Durante la sesión, le conté un episodio que viví hace unas semanas: entré de nuevo en las plataformas de trading para mirar los saldos de las cuentas antiguas. Al hacerlo, noté cómo mi cuerpo reaccionaba al estímulo: el corazón se aceleró, la respiración cambió. En ese momento aparecieron pensamientos conocidos, antiguos… y fui plenamente consciente de algo: soy una bomba de relojería.
Le dije a mi psicóloga que sentía miedo. Miedo de mí mismo. Porque los que tenemos esta enfermedad sabemos que, aunque pase el tiempo sin jugar, el riesgo siempre está ahí. Por no jugar un tiempo, podemos creer que el problema está resuelto, pero no lo está. No está resuelto en absoluto.
Ella me recordó algo importante: “El bicho sigue dentro”.
El cerebro ha cambiado. Los receptores de dopamina se han modificado, y los estímulos asociados al juego siguen grabados en la memoria del cuerpo. En cuanto aparecen, el cerebro reacciona como si necesitara jugar para sobrevivir. Por eso, al principio de la rehabilitación, son tan necesarias las barreras: no manejar dinero, que otra persona controle las cuentas, evitar situaciones de riesgo.
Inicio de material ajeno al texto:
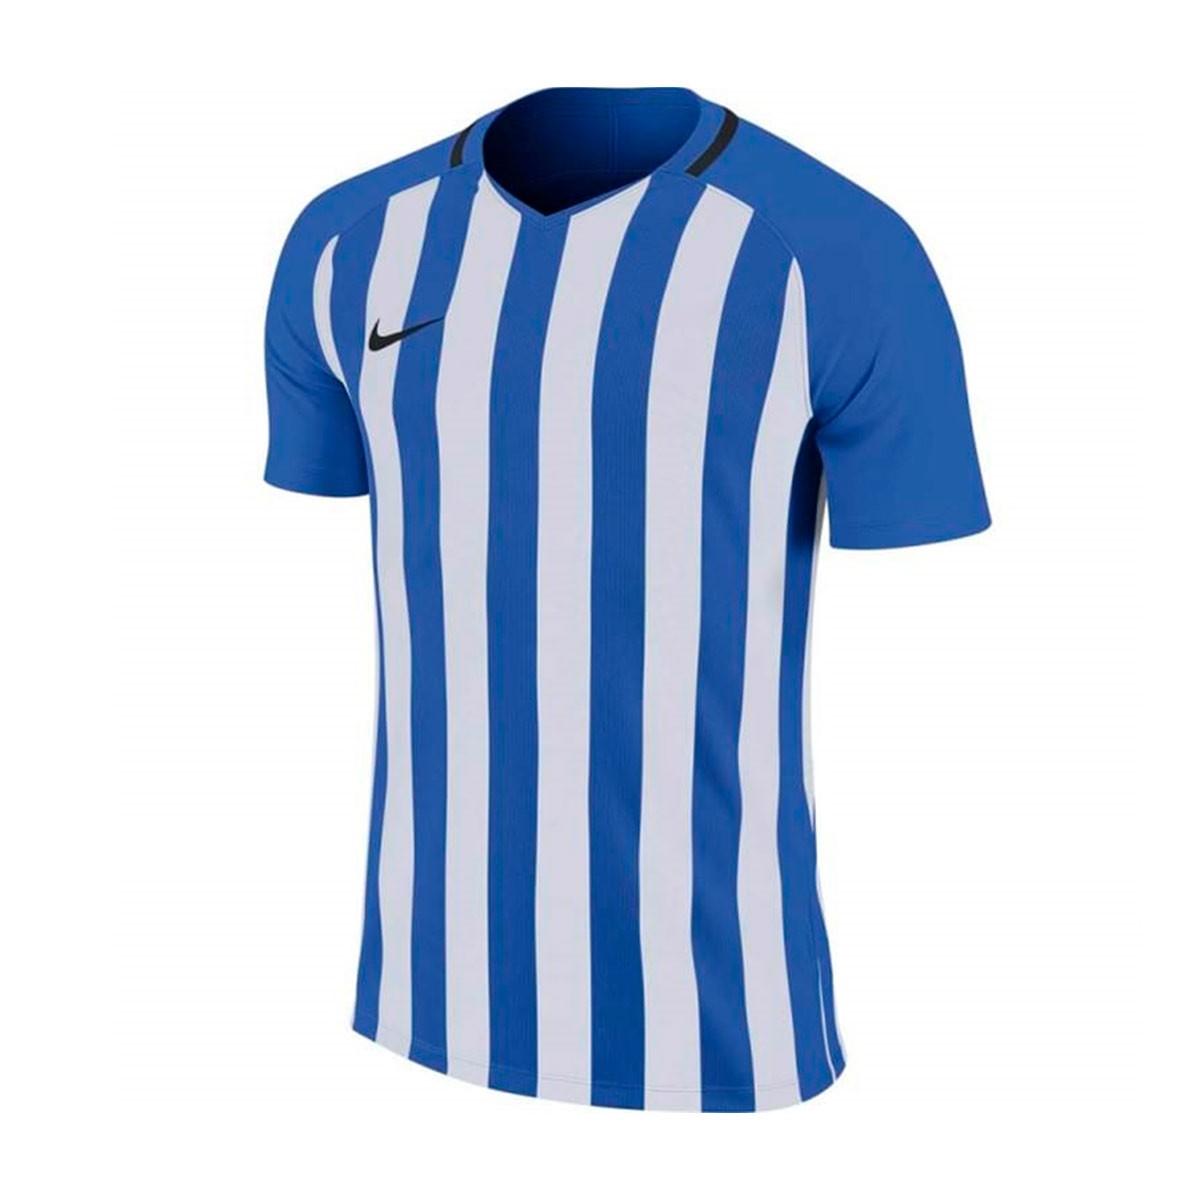 Camiseta Striped Division III mc Niño Royal blue White

Porque si el impulso aparece en un mal momento, y no estás fuerte, puedes recaer.
Le dije que estoy investigando mucho sobre cómo funciona esta enfermedad, porque necesito entenderla. En las terapias grupales se habla poco de esto, y creo que es esencial conocer el proceso interno. La adicción es una enfermedad invisible, y comprender lo que ocurre por dentro es clave para no subestimarla.
Esta enfermedad no tiene cura. Lo único que se puede hacer es controlar al bicho, conocerlo, reconocerlo cuando aparece, observar cómo actúa y aprender a gestionar las emociones que lo activan.
¿Cómo se consigue esto?
Con autoconocimiento, paciencia y mucha disciplina mental. Aprendiendo a no hacer caso a tu propia cabeza cuando te propone cosas que sabes que te harán daño.
No es fácil.
Intenta no mirar el móvil durante un par de días, por ejemplo, verás que cuesta mucho. El cerebro te empuja a hacerlo porque lo asocia con placer, con recompensa inmediata. Lo mismo pasa con el juego. Nuestro cerebro se ha acostumbrado a esos picos de dopamina. Por eso, dejar de jugar no es simplemente “decidir no hacerlo”: es luchar contra una parte de ti mismo que cree que lo necesita para sobrevivir.
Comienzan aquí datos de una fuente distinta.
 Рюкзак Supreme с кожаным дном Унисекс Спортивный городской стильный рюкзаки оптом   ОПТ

Hablamos también de esa tristeza que me acompaña. Mi psicóloga me explicó que es normal que aparezca una etapa de duelo durante los primeros meses de abstinencia. Es el duelo por la pérdida de la relación con el juego. Aunque fuera destructiva, era una relación intensa, constante, que ocupaba tu mente y tus emociones. Al desaparecer, queda un vacío similar al que deja la pérdida de un ser querido.
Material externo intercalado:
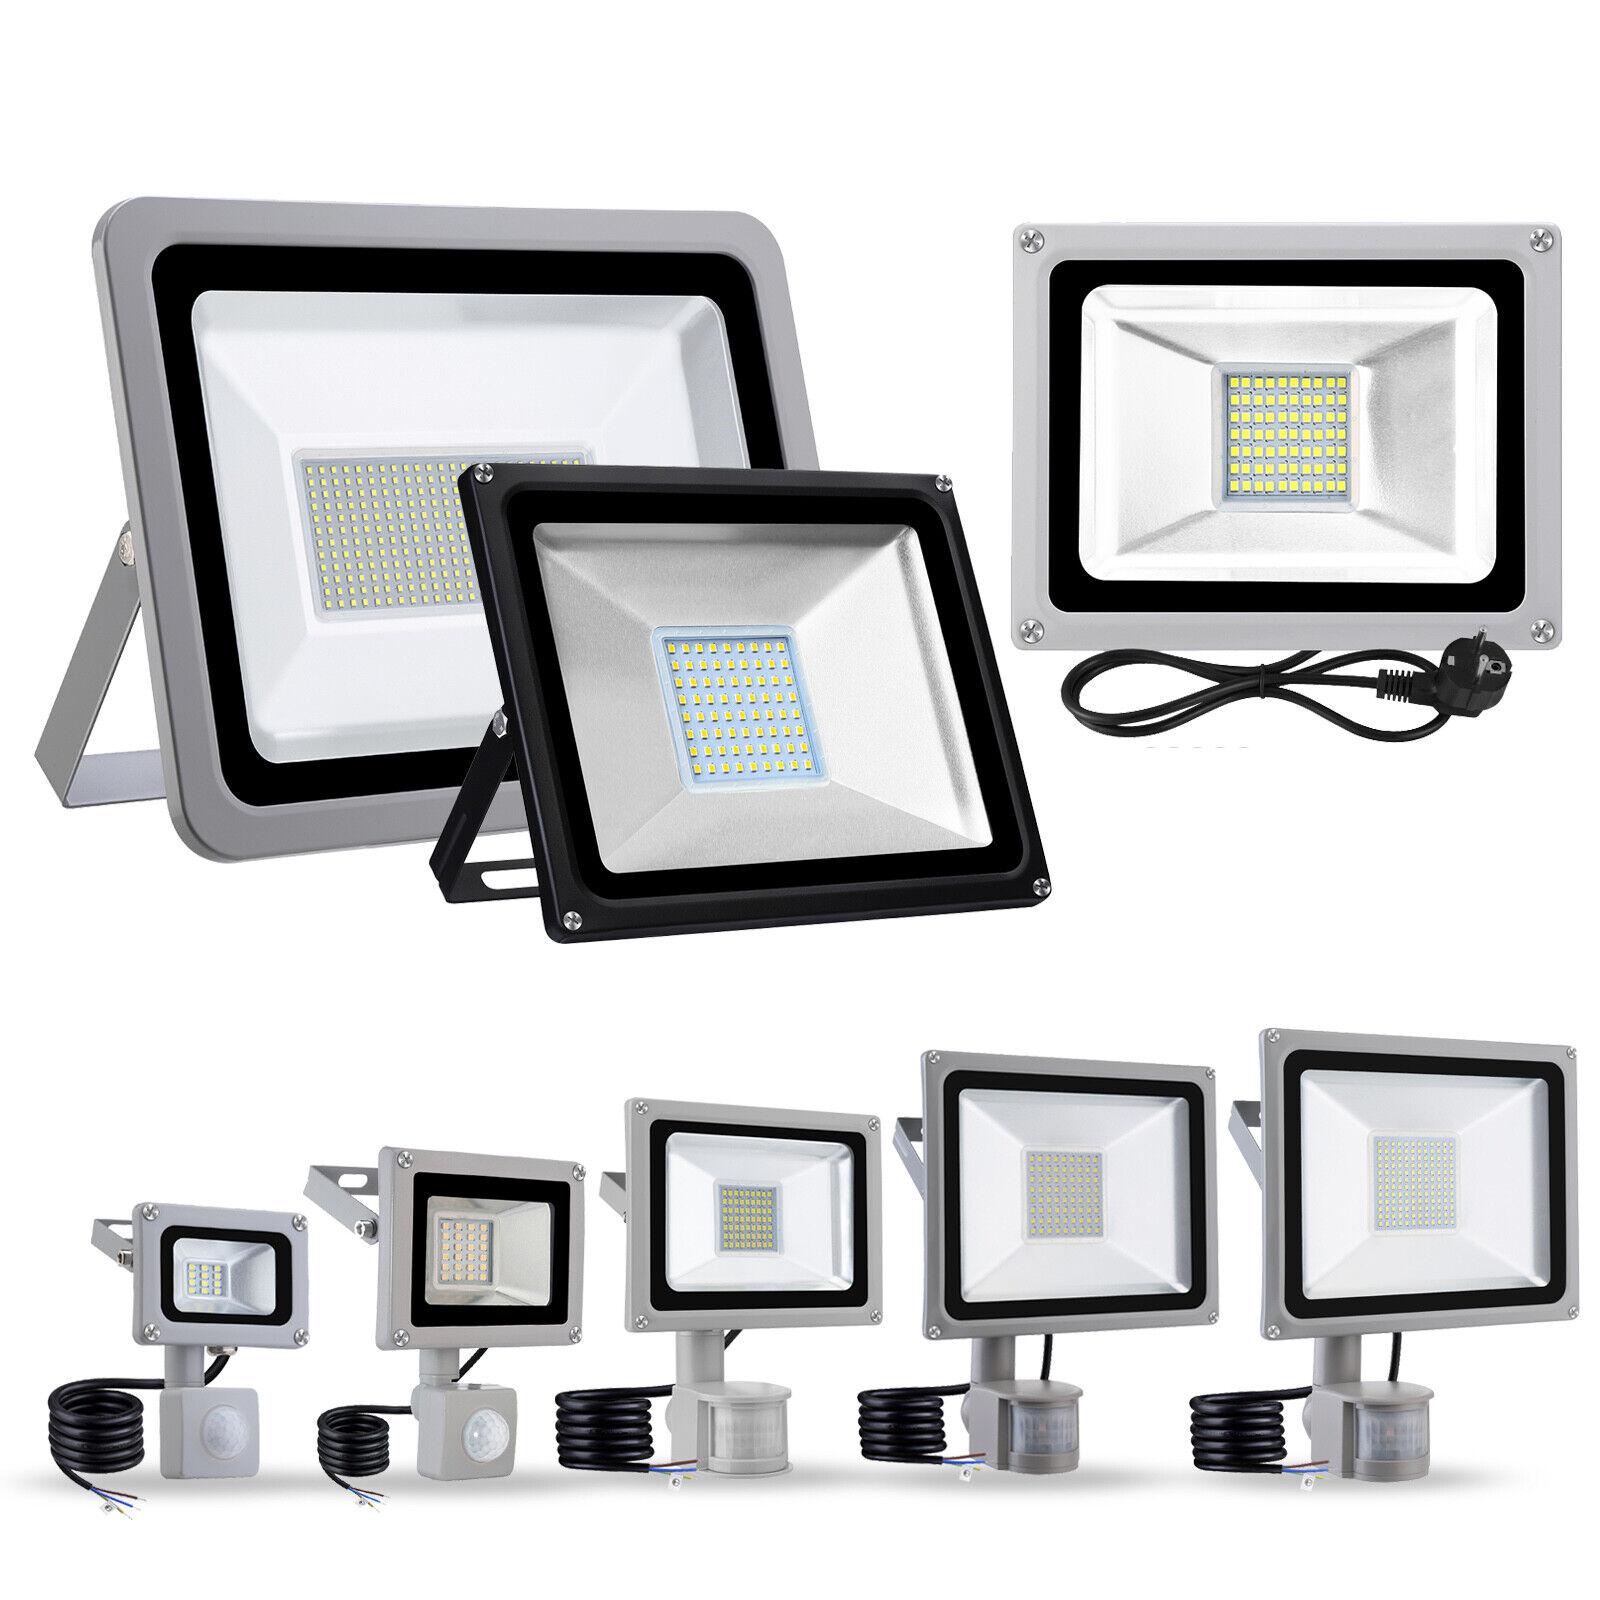 LED Flutlicht Fluter 10W 20W 100W 300W 500W Außen Baustrahler Scheinwerfer Lampe

Pero con el tiempo, el cerebro se reestructura gracias a la neuroplasticidad. Poco a poco, el sistema se adapta, el “bicho” pierde fuerza y los deseos compulsivos se hacen más débiles. Es un proceso lento, pero real.
El problema surge cuando alguien se confía antes de tiempo. Cuando cree que está curado, sin haber completado el proceso, y vuelve a exponerse a estímulos. Entonces, si la vida le golpea en un mal momento, recae.
Por eso creo que la clave está en ser sincero con uno mismo. No limitarse a ir a las terapias por cumplir. Hay que implicarse de verdad, observarse, compartir lo que sientes sin filtros, y permitir que los profesionales vean tu proceso interior.
Mi psicóloga me repitió varias veces que estoy haciendo un trabajo muy profundo, y me alegra escucharlo. Porque este camino es duro, muy duro, pero también transformador.